Reporting: Audience Reports, Advertising Reports, Acquisition Reports, Behavior Reports, Conversion Reports, Real-Time Reporting, User Flow Reporting.

Of course, you also have the standard KPIs associated with pay-per click (PPC).

  • Cost
  • Clicks
  • Conversions / transactions
  • Revenue

If you can correlate all these data points to profit in Google Ads campaigns, you’ve enhanced your ability to optimize toward more profitability.

Our experience with data analysis like this has shown that Google ad campaigns should target the best performing products and layer in as many bidding levers (or “segments”) as possible to optimize that targeting.

In this eCommerce PPC data analysis case study, we will show you how this process of connecting the data between Google Analytics, Google Ads, and unique business stats resulted in 72% more transactions at an 8% increase in spend year over year.

Note: If you want to find profitable opportunities in your data, our Google Ads and Social Media PPC experts would love to help. Get in touch here.

Background: Increasing ROAS ≠ Maximized Profitability

The first step before starting any PPC campaigns for our clients is to understand their business as much as possible. In particular, the past and current marketing efforts, performance, and potential of their different products.
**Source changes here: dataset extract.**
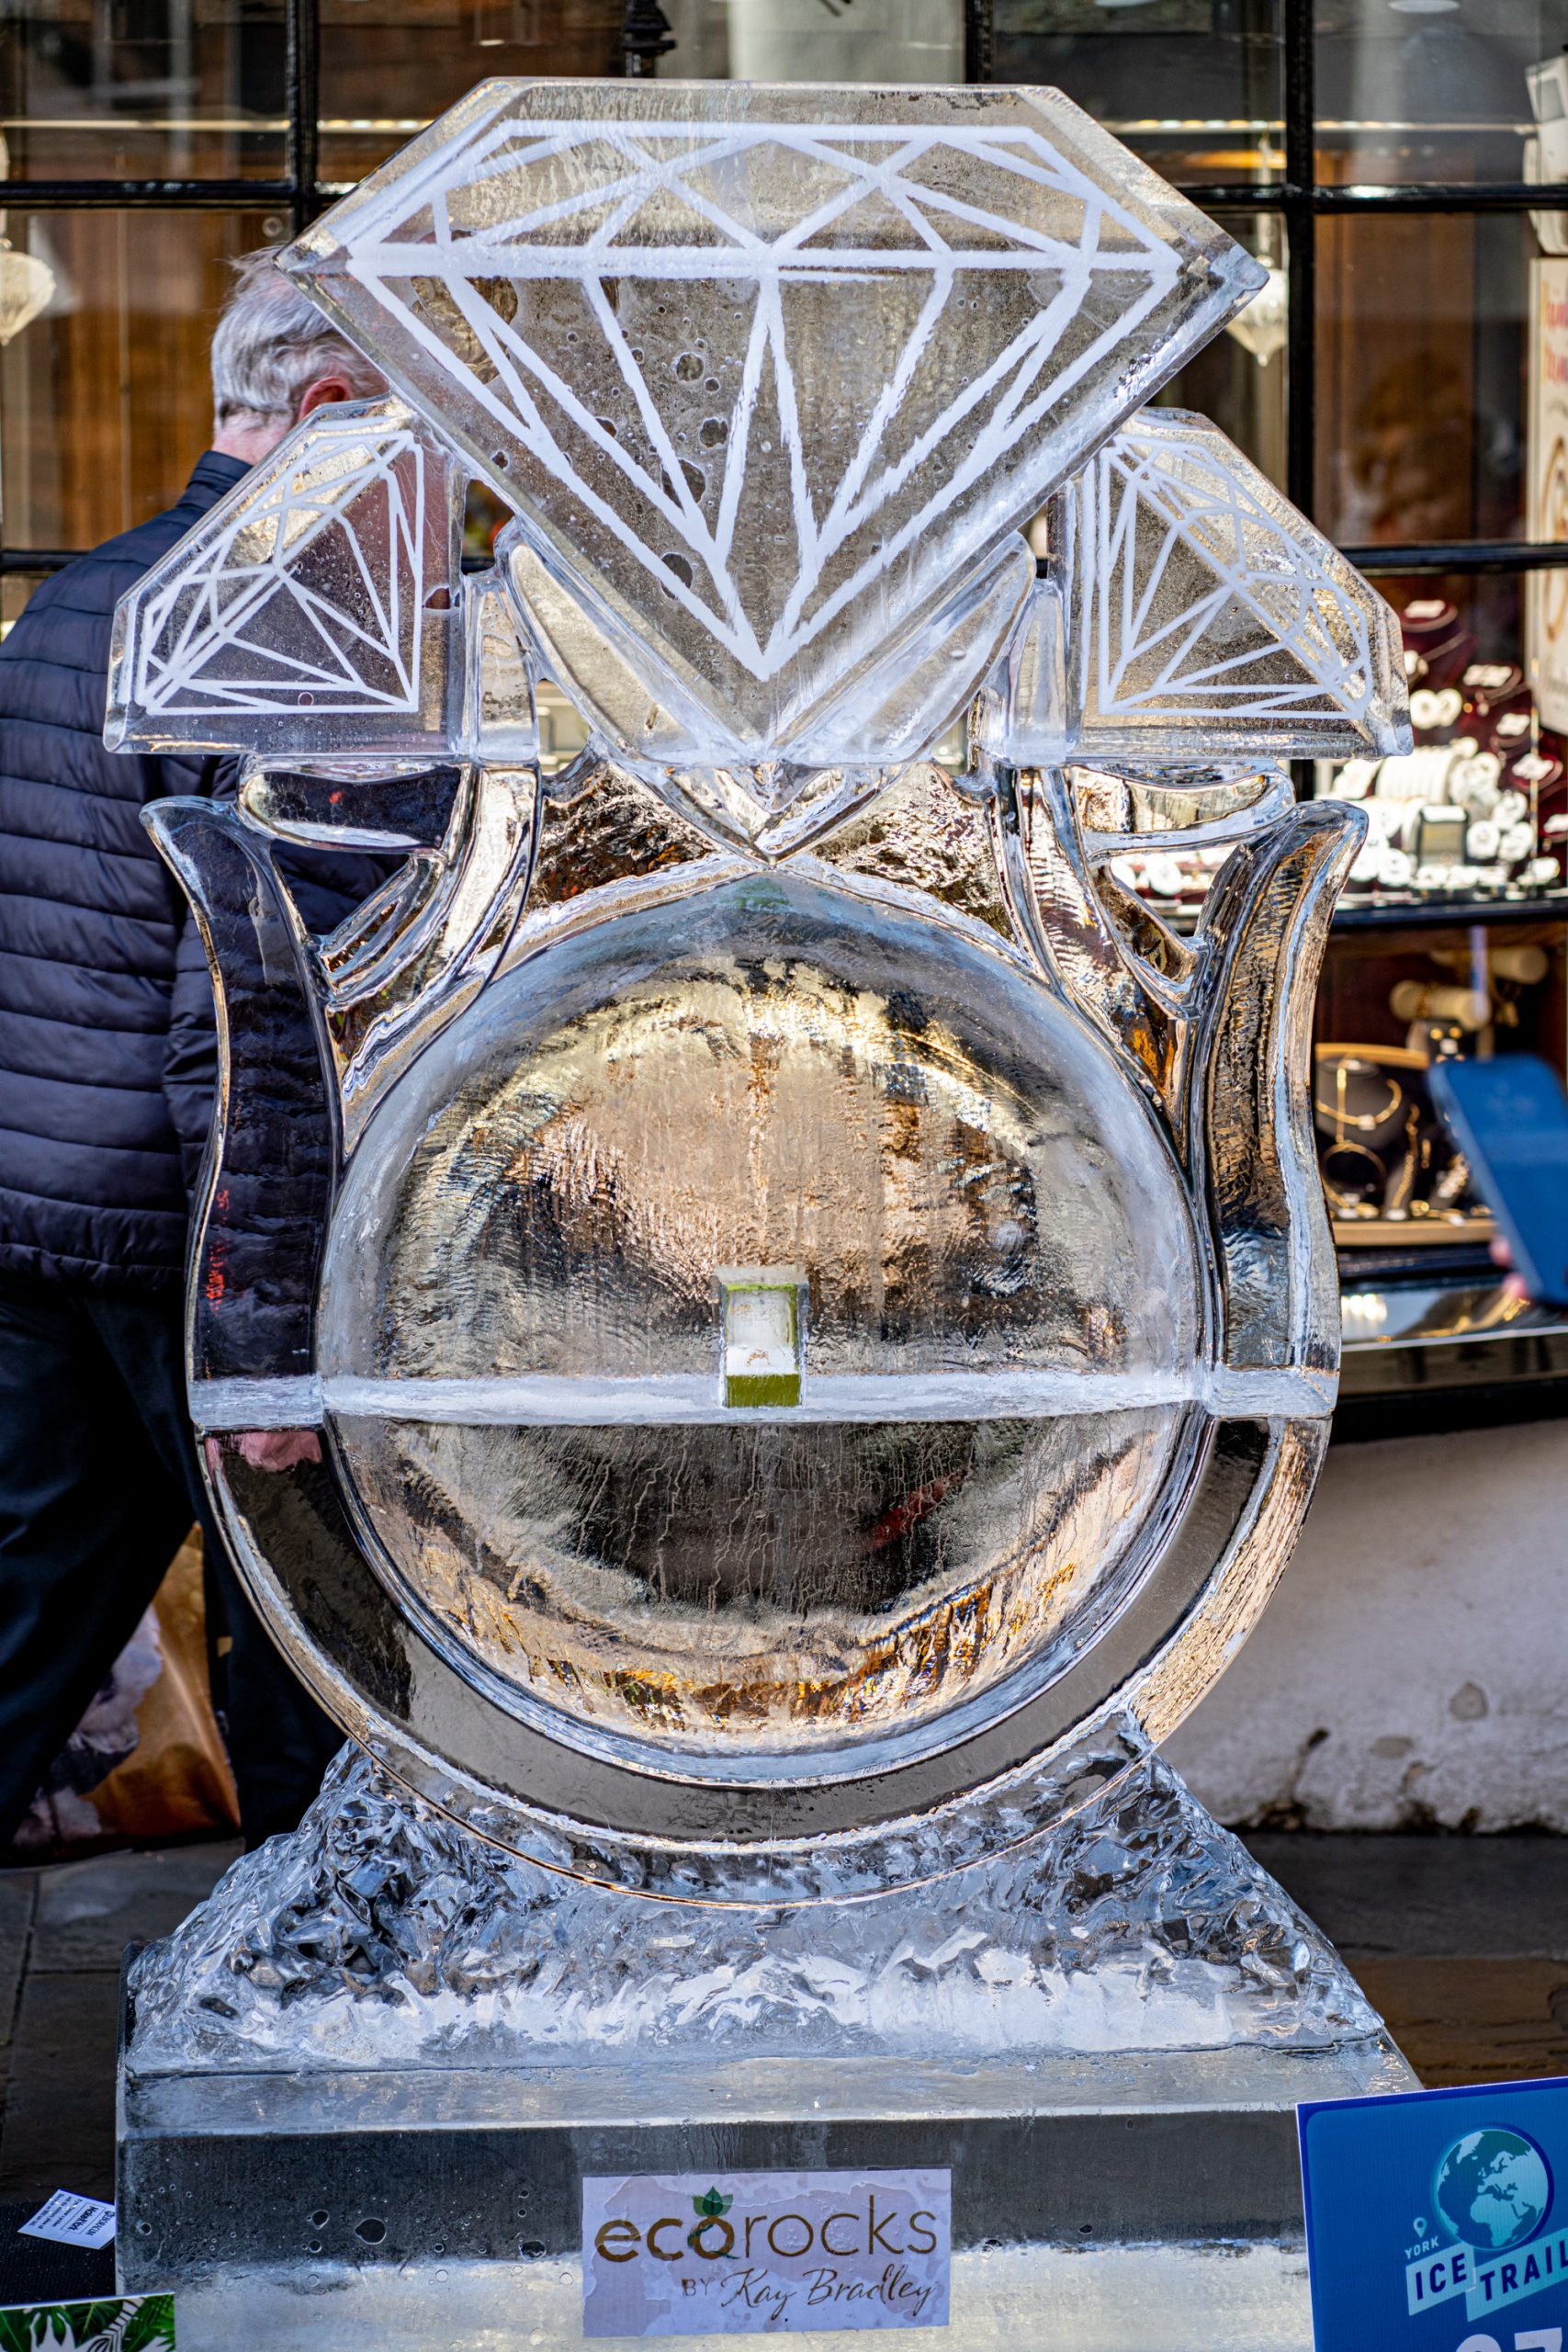 diamond ice sculpture with jewellery frozen inside

The goal of this is to identify which Google Ad strategies are actually profitable (whether or not they are generating a high or low ROAS) and maximize those. As well as to identify which strategies are not profitable (again, whether or not they have high or low ROAS) and minimize those.

In this client’s case, understanding how their business works first meant becoming familiar with how every one of the 500-600 products they sell has a product margin that changes in real time. Next, was finding a way to get that data incorporated directly into their marketing campaigns.

The challenge was figuring out how to incorporate their backend performance data (each transaction and product had varying margin data) and be able to calculate what ratio we needed to hit to break even or be profitable. Essentially, each transaction could theoretically have a different net profit. We needed to find a way to bake this data into our analysis for optimizing the account.

That meant looking at ROAS alone wasn’t going to cut it. Instead, we needed to marry their data tracking capabilities with our Google Ad performance data to calculate the actual ROI. The goal being to get as granular as possible so we could take advantage of our standard bid optimization segments, at a minimum.

Once we did, we had a clear view of how the profitability of the campaigns was an independent figure from their ROAS (calculated by conversion value / cost).

What does it look like? Here is a campaign level screenshot that compares our Test ROI metric (Profit / Ad Cost) to ROAS (Conversion value / cost). Note that the first four rows have a similar ROI but the ROAS ranges greatly from 3.72 to 6.72:

Conversion value/ cost vs Test ROI
The test campaign ROI’s varied. This told us that ROAS was not correlating with profitability.     


There were many many iterations before getting to the above chart, which now lives in Google Ads.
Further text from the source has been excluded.